In Schweser exam 1 afternoon question 90, the contributions were 5000 and total periodic pension costs 4250. This means the firm reduces its overall pension obligation by 750. The question is what adjustments should be made to the cashflow, going from IFRS to GAAP. In GAAP all pension costs are reported under operating, while in IFRS principal payments in financing. So we need to adjust the financing and operating cash flow to convert from IFRS to GAAP.
The correct answer is increase operating cashflow by 750 and decrease financing cashflow by 750.
My question is, why is it not the other way around, i.e. reducing operating cash flow by 750, and increasing financing cash flow by 750?
I would think of it as paying more than what required so u repay your loan ie a financing activity my cash flow from financing decreases but my net cash flow should not be impacted therefore add back to cash flow from operations.
It is increase to CFO and a decrease CFF, because it was incorrectly logged as an outflow from CFO. It should have been an outflow from CFF, since you are overpaying, ie a principal payment which is CFF outflow.

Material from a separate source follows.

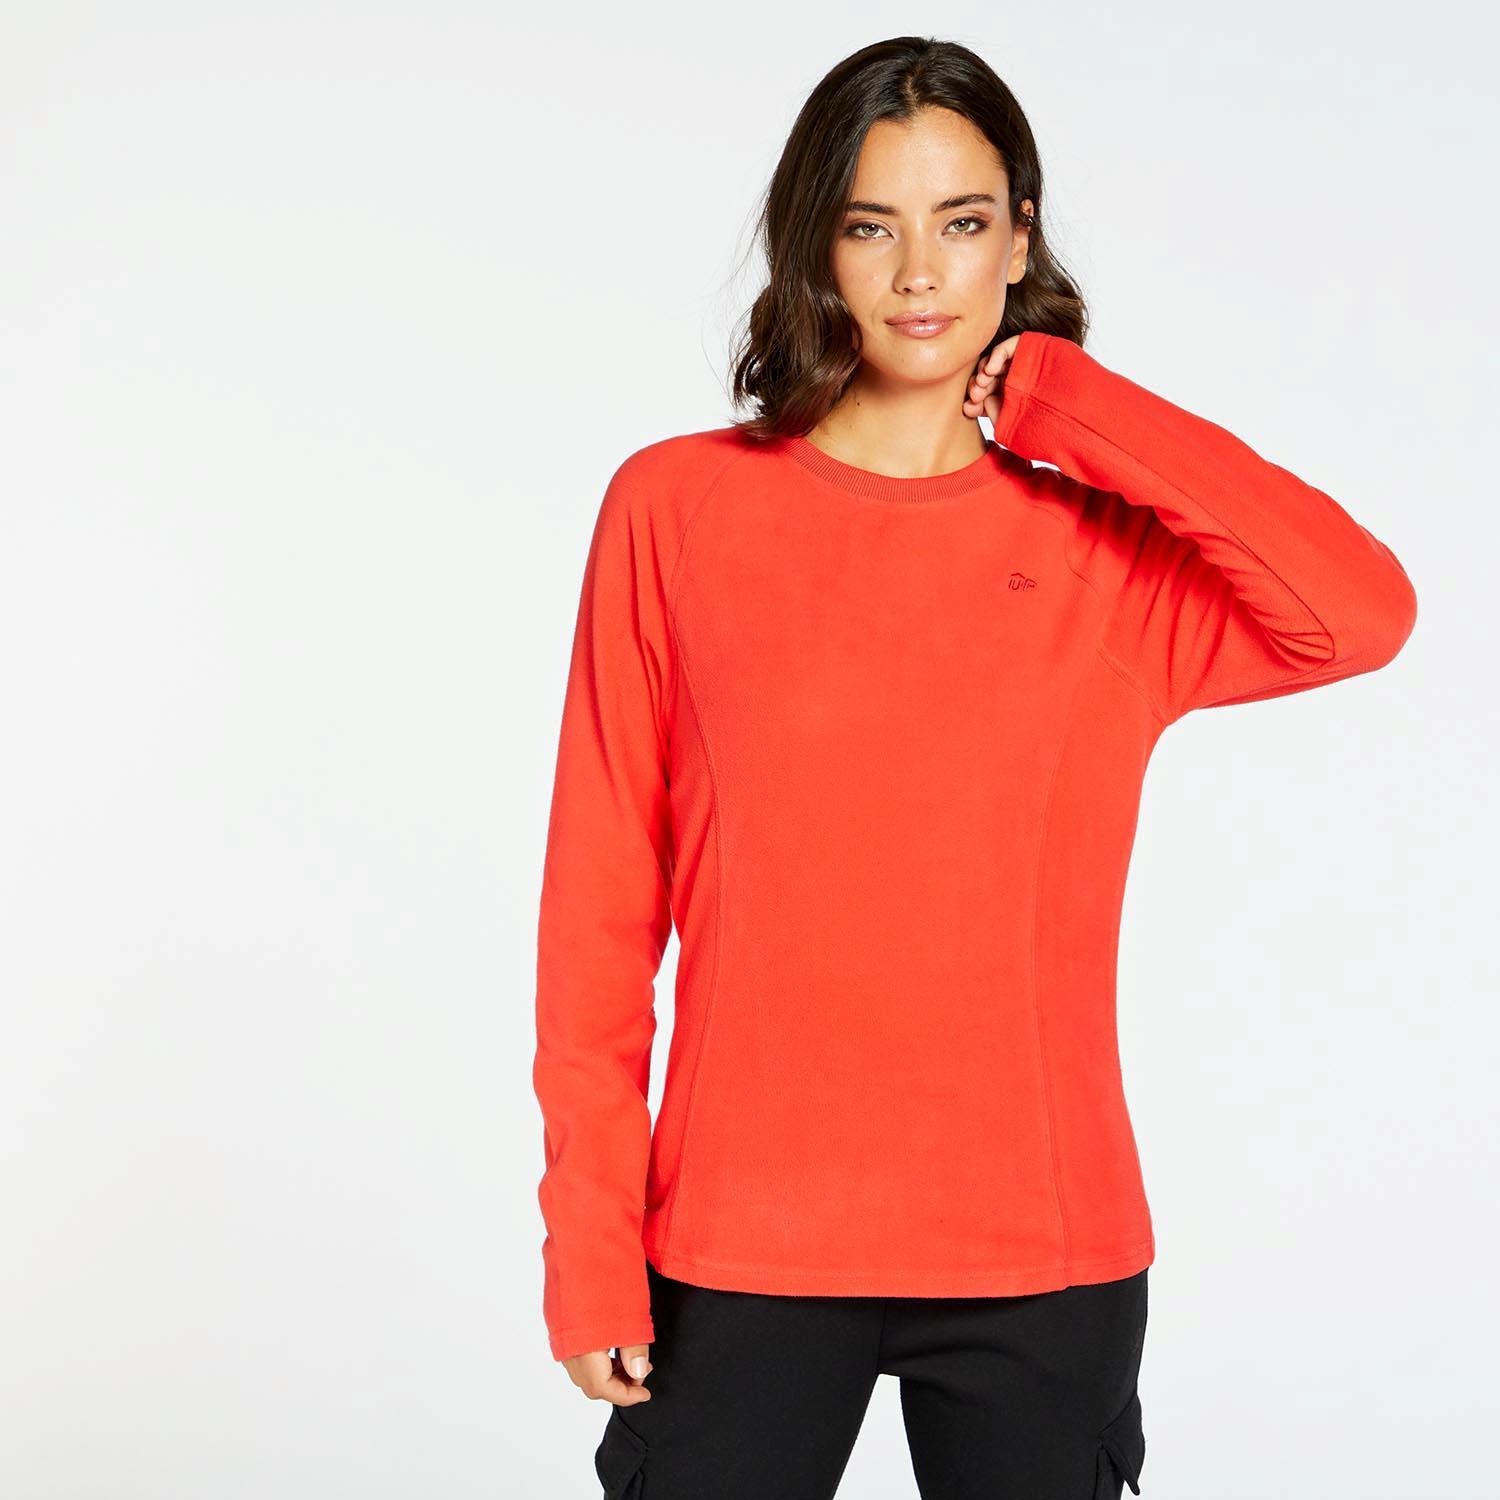 Up Basic - Rouge - Polaire Femme sports taille XL

Yes I agree. But the exercise is to adjust the cash flow statements, from IFRS to how if would be with US GAAP. With US GAAP all pension costs is operating cashflow. So why would we not increase the financing cash flow by 750 (to net out the outflow) and decrease the operating cash flow by 750, so that all 5000 would be deducted in the operating cash flow when using GAAP?
There is a major distinction in the CFO and CFF when addressing interest.
IFRS makes a split between financial institutions and everything else, i.e. if you are a financial institution then interest income/expense is part of your operating activities. For a farming company interest income/expense is a financing activity. Makes it more complicated but in the meantime also makes more sense.
In CF statement upon IFRS, interest cash flow may be operating CFO or CFF. No matter of kind of company, financial or not.
In P/L at IFRS entities net interest income/expenses are core for banks and financial institutions so in its P/L net interest income is core operating activity unlikely for companies from real sector (eg. production) where interest expenses and revenues are always financial activities.